Ruminations

Blog dedicated primarily to randomly selected news items; comments reflecting personal perceptions

Monday, July 01, 2019

Is Screentime Ruling Your Life?

"Every chronic disease we know of it exacerbated by stress."
"And our phones are absolutely contributing to this."
Dr. Robert Lustig, professor of neuroendocrinology, University of California, San Francisco

"The point is, your thread is yours, mine is mine, and we use it to regulate our emotions, to balance facts with fun, in our own idiosyncratic way."
"It’s very counterintuitive to say at this stage, but the fact is, no one really knows what the heck people are seeing on their screens."
Byron Reeves, paper co-author, Stanford University

"[The researchers contend that] scientists need to look over people's shoulders, digitally speaking, and record everything, on every device, that an individual sees, does and types [to obtain a full idea of a user's experience and the effects on them]."
Benedict Carey, The Times

"A few weeks ago, the world on my phone seemed more compelling than the offline world -- more colourful, faster-moving and with a bigger scope of rewards."
"I still love that world, and probably always will. But now, the physical world excites me too -- the one that has room for boredom, idle hands and space for thinking."
Kevin Roose, technology columnist, The Times
Consumers Research   Pexels

Well, they're everywhere, anywhere you look, people fixated on their iphones, anxious not to miss anything, a kind of pathology of utter dependence, an other-world one inhabits by choice-of-habit, eschewing their presence in a real world in favour of a wired, on-line world that seems far more satisfying than simply observing and taking part in what goes on around them directly, in person. It is, in fact, a kind of casual rejection of life as it is for life as it is portrayed through social media and online contacts.

It now is the rare individual who decides not to have a presence on Facebook. As time-consuming a portal to another kind of remote, reserved life as anyone could wish for, where one looks to be 'friended' and 'liked'. Personal, real-life interaction entirely superfluous as the Facebook-elected consumer becomes completely dependent, satisfied to have an alter-life revolve around an Internet-sourced presence.

It is the grip that the siren-song of that dependency and its impact on people's health, both physical and psychological that led a group of social scientists to begin to study the phenomenon. They conceived of a working method; to download software onto the smartphones and laptops of study volunteers. That software snapped shots every five seconds to record what was happening on screen; shots sent to be analyzed on the server used by the researchers.

They named the process "screenomes", enabling them to get a fairly representative and in fact concise picture of what was happening. What they discovered was that the test subjects switched every 20 seconds from one activity to the next, rarely tarrying over twenty minutes on any one particular activity. What they came away with was a sequence of disjointed screens unique to the individual; a kind of digital DNA.
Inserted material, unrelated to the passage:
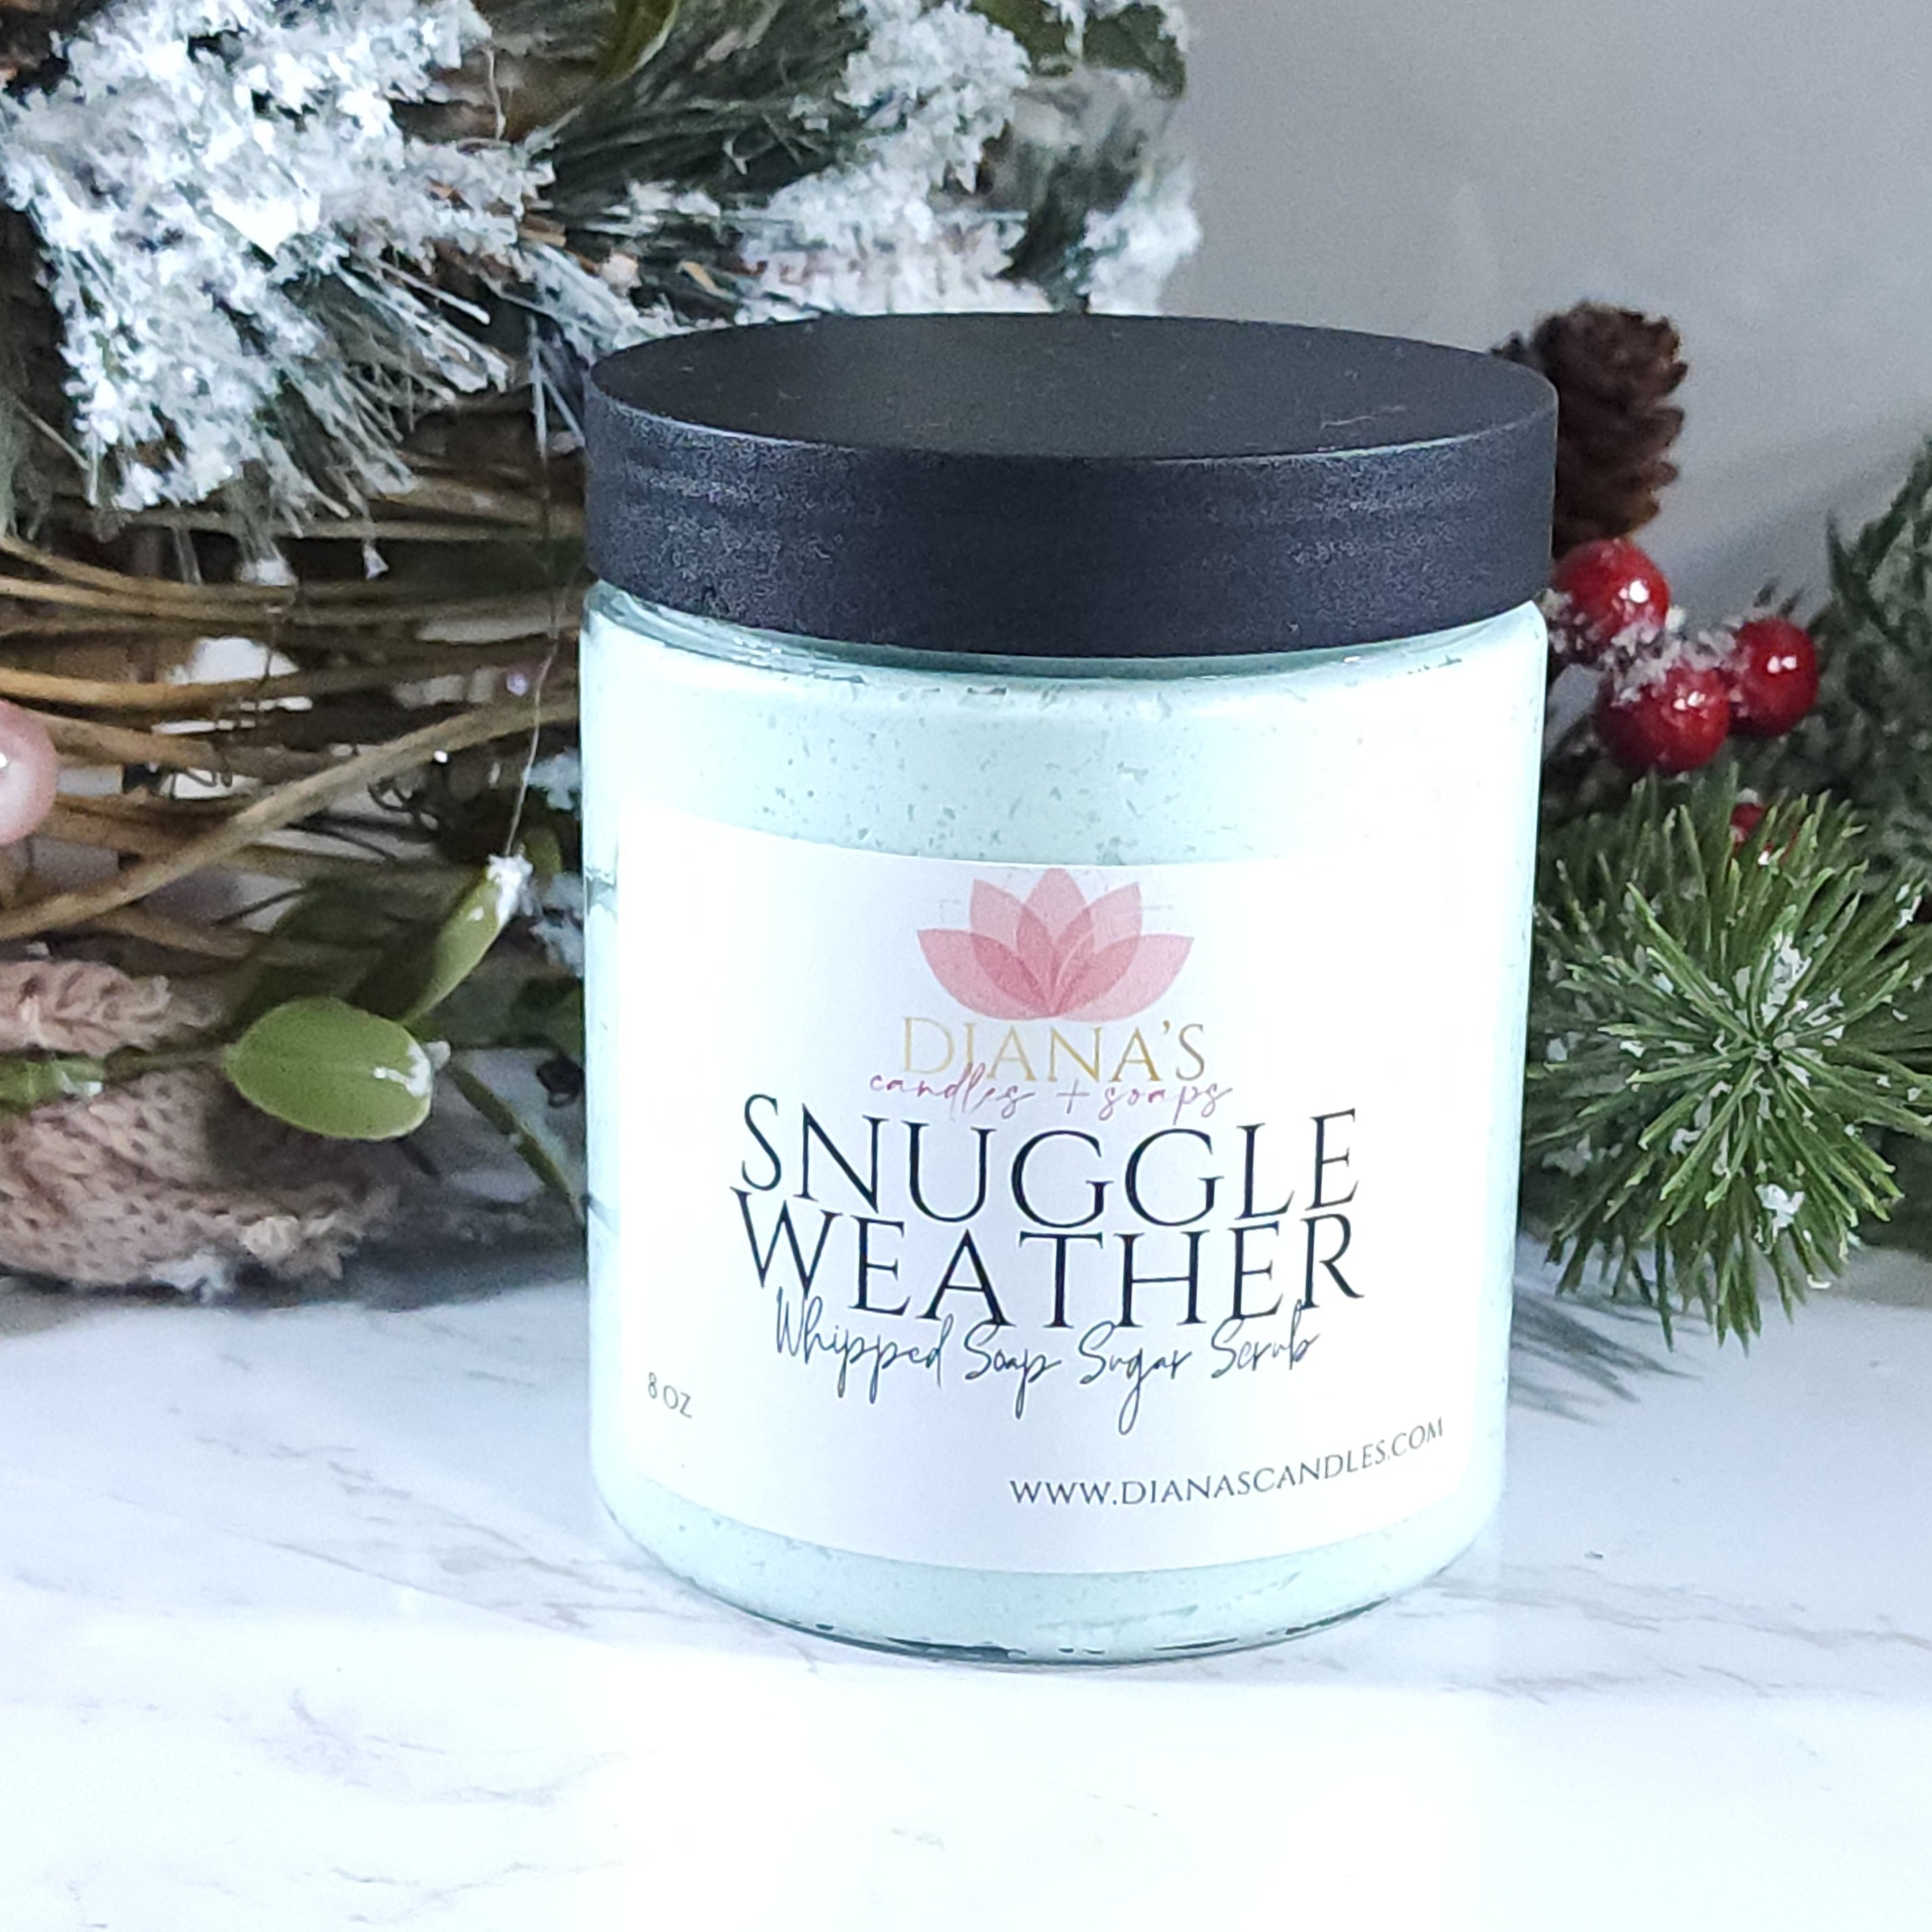 Snuggle Weather Whipped Soap Scrub Diana's Candles and Soaps

There exists reliable evidence that smartphones interfere with sleep, with self-esteem, with relationships, memory, attention spans, creativity and problem-solving, as well as decision-making skills. Cortisol levels rise with each ping of a phone, and that hormone is linked to stress; its release triggering alterations in the body similar to spikes in blood pressure, heart rate and blood sugar.
A situation that ultimately contributes to diabetes, high blood pressure, heart attack and stroke.

In the United States, the average person spends four hours daily fixated on their phone, picking it up 52 times throughout the course of a day. This is done as a subconscious routine, somewhat like a nervous tic, so habitual it almost reflects instinct, only one that has been ingrained by endless repetition to become a nervous disposition. Leaving the user with social adaptations more suited to a hermit.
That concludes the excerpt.